Noise robust Automatic Speech Recognition

I have created a stand-alone Matlab demo of the noise-robust Automatic Speech Recognition (ASR) techniques I worked on since 2007. All these techniques rely on finding a sparse, linear combination of noise-free speech exemplars, which is then either used to make an estimate of the clean speech, or to perform exemplar based ASR.

Highlights:
  • AURORA-2 noise robust digit recognition
  • Supports multiple methods: Sparse Imputation, Feature Enhancement (FE), Sparse Classification (SC), Hybrid SC/FE (SCFE).
  • Includes a MATLAB word-based ASR system
  • GPU acceleration
 



  

Missing data mask estimation

Missing data mask estimation is the process of estimating which spectro-temporal regions in a spectrographic representation of noisy speech remain (relatively) uncorrupted. I have compiled an Octave/MATLAB package for machine-learning (SVM) based missing data mask estimation.

Highlights:
  • Machine learning approach based on a training set of noisy speech with known underlying speech and noise
  • The SVM classifier exploits many different features, such as long-term noise floors and harmonicity
  • The package supports hyperparameter optimization, training and evaluation

 
 

Audio event detection

Top-ranking contribution to the AASP acoustic event detection challenge.
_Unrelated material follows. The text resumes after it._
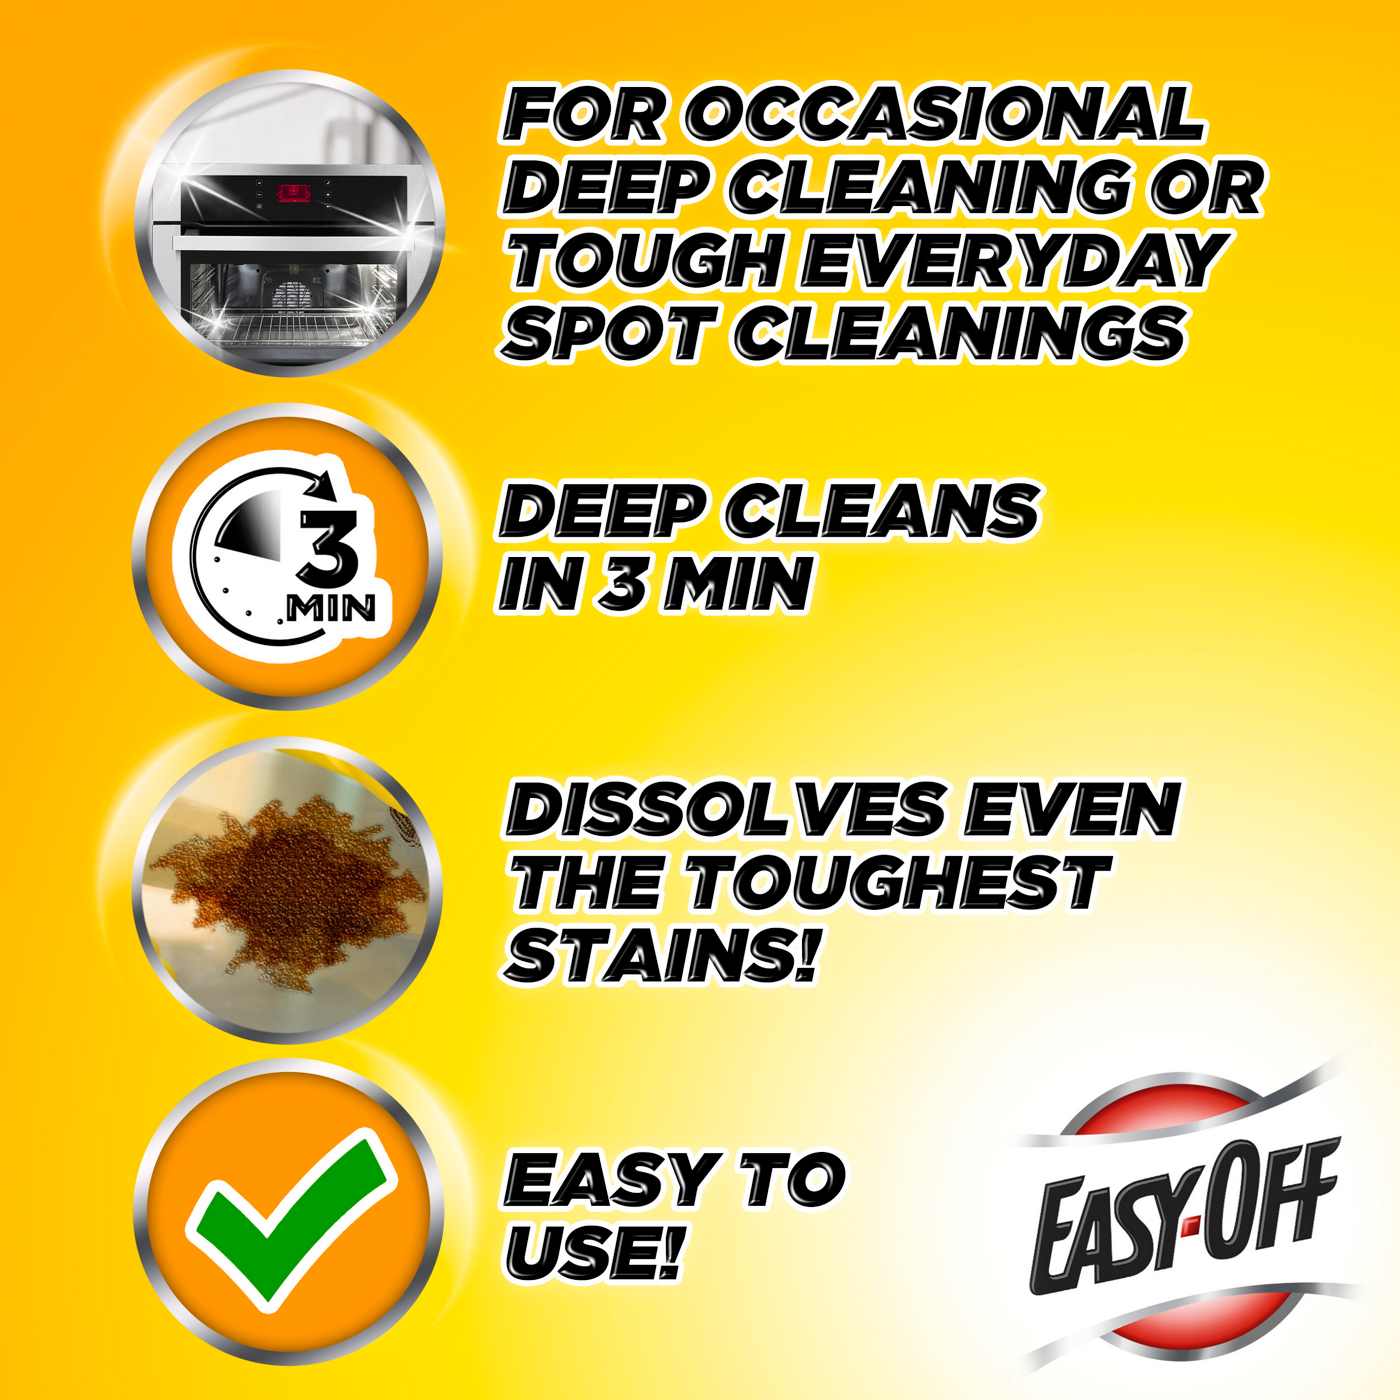 Easy-Off Heavy Duty Oven Cleaner

You can grab the code here.

 
 

Weakly supervised learning of acoustic units

I have created a stand-alone Matlab demo of the research on using Non-negative Matrix Factorisation (NMF) to learn acoustic units (such as words, phrases, or acoustic events) with only weakly annotated material: The audio samples are annotated only with tags indicating the presence of a word or event, without segmentation or temporal ordering.